The New York Times:
Dozens of flash sites are now catering to niches, be it Zulily (children’s goods), One Kings Lane (home furnishings) or JackThreads (men’s wear). At the same time, a new crop of members-only sites that look just like flash sales (they send daily e-mail blasts and dangle items for a limited time in glossy virtual storefronts) has emerged. Except that these sites don’t offer deep discounts. In fact, they don’t offer discounts at all.
“We never even considered ourselves a flash-sale site,” said Jason Goldberg, chief executive of Fab.com, a member’s-only site that resembles a flash sale but is, as he put it, a “lifestyle shop” filled with vintage housewares and the sorts of clever items one might find in the Museum of Modern Art gift shop or on Etsy.com. It’s “very different from the T. J. Maxx and Filene’s Basement bring-it-online model,” said Mr. Goldberg, whose company recently announced it had raised $105 million in new financing.

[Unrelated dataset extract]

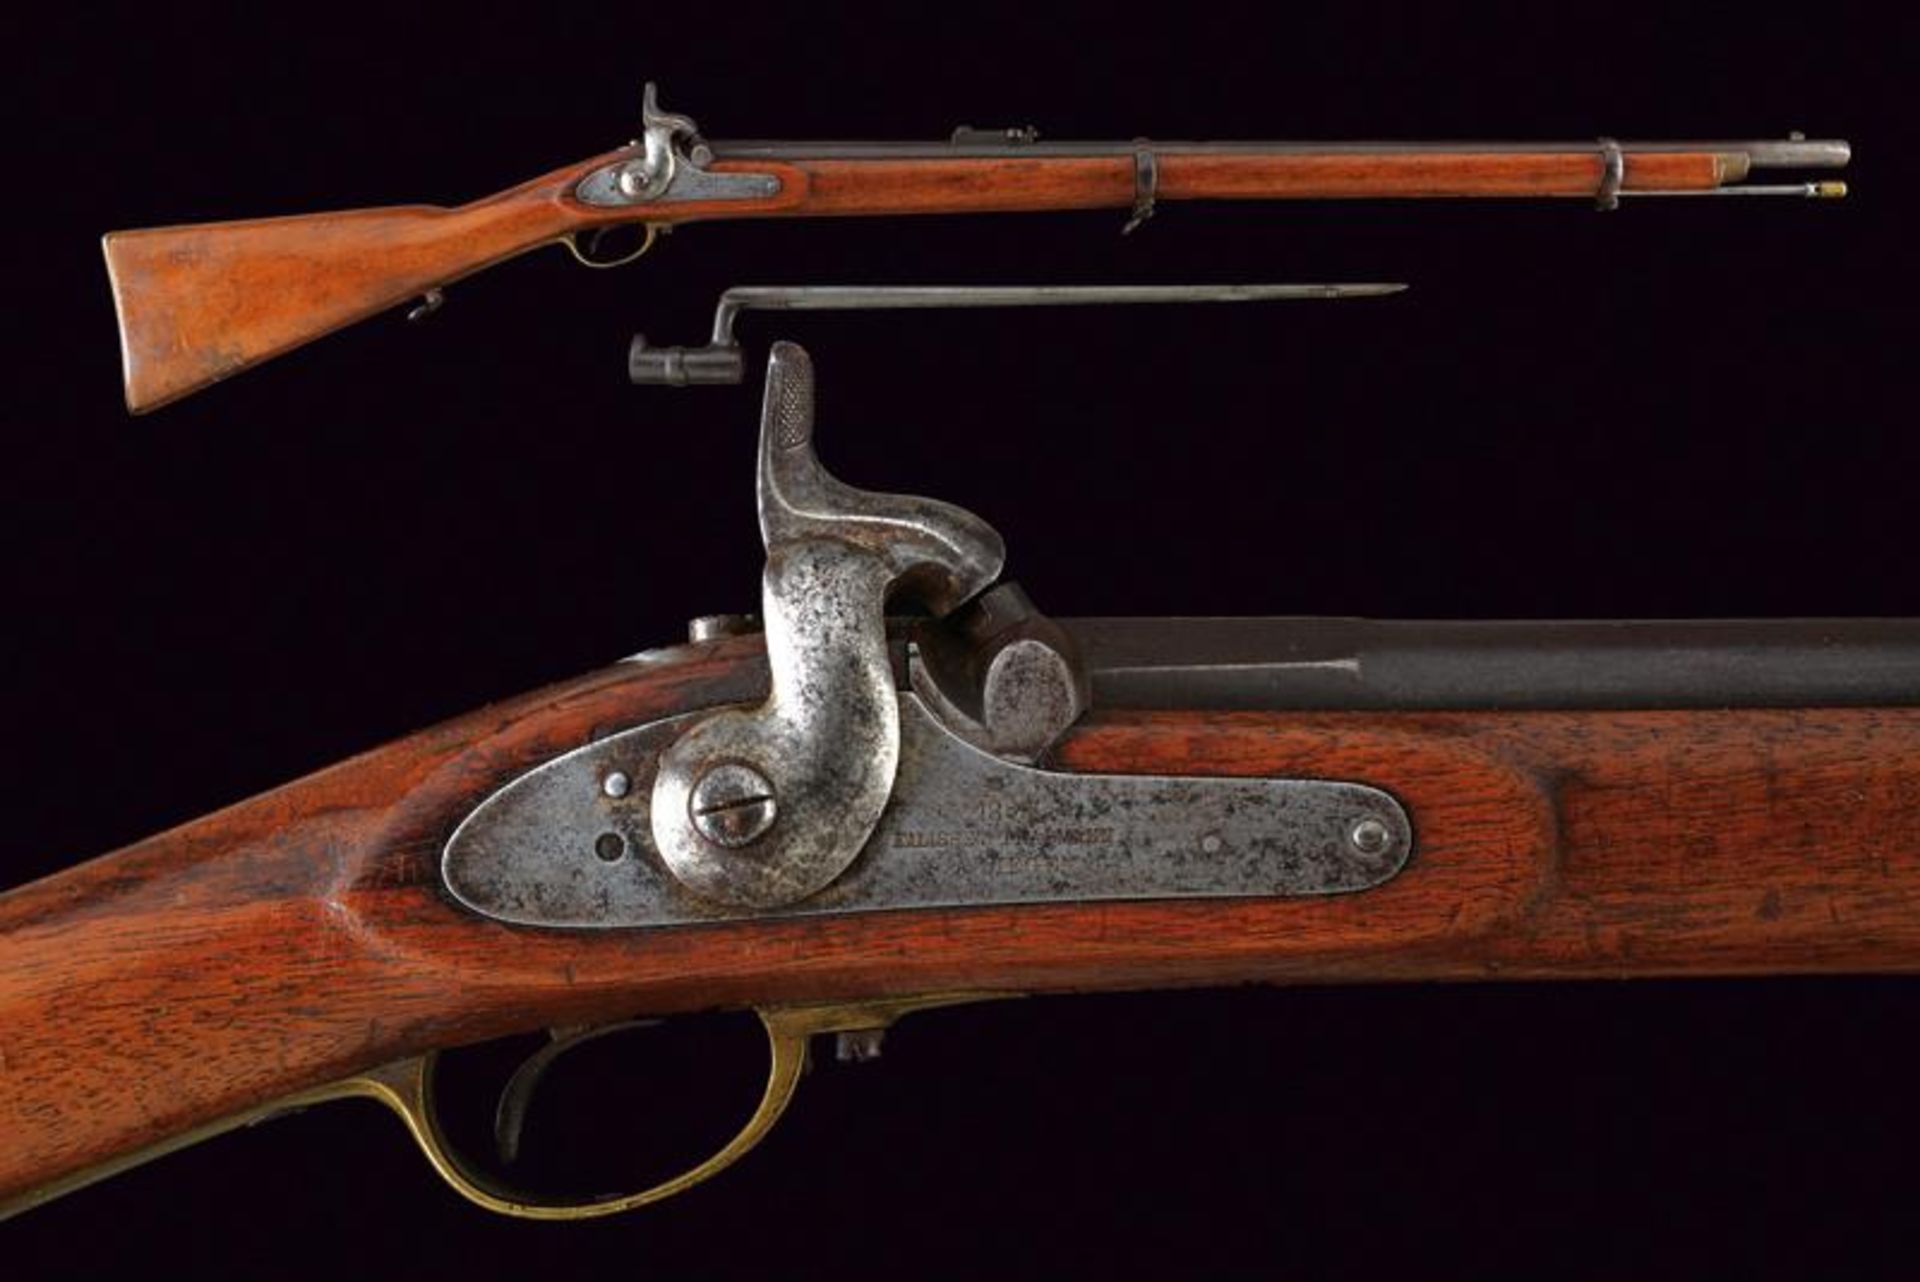 An Enfield model 1853 type percussion gun with bayonet

Kit Yarrow, a consumer psychologist, an author of “Gen BuY” and chairwoman of the psychology department at Golden Gate University in San Francisco, said Fab was catering to what shoppers crave. “Yes, it helps that it’s a good price,” she said, “but I think their ability to cultivate a collection that’s really appealing and unusual appeals to what’s been missing in shopping for a while: that feeling that you’re going on a treasure hunt. That’s long been one of the primary joys of shopping for people.”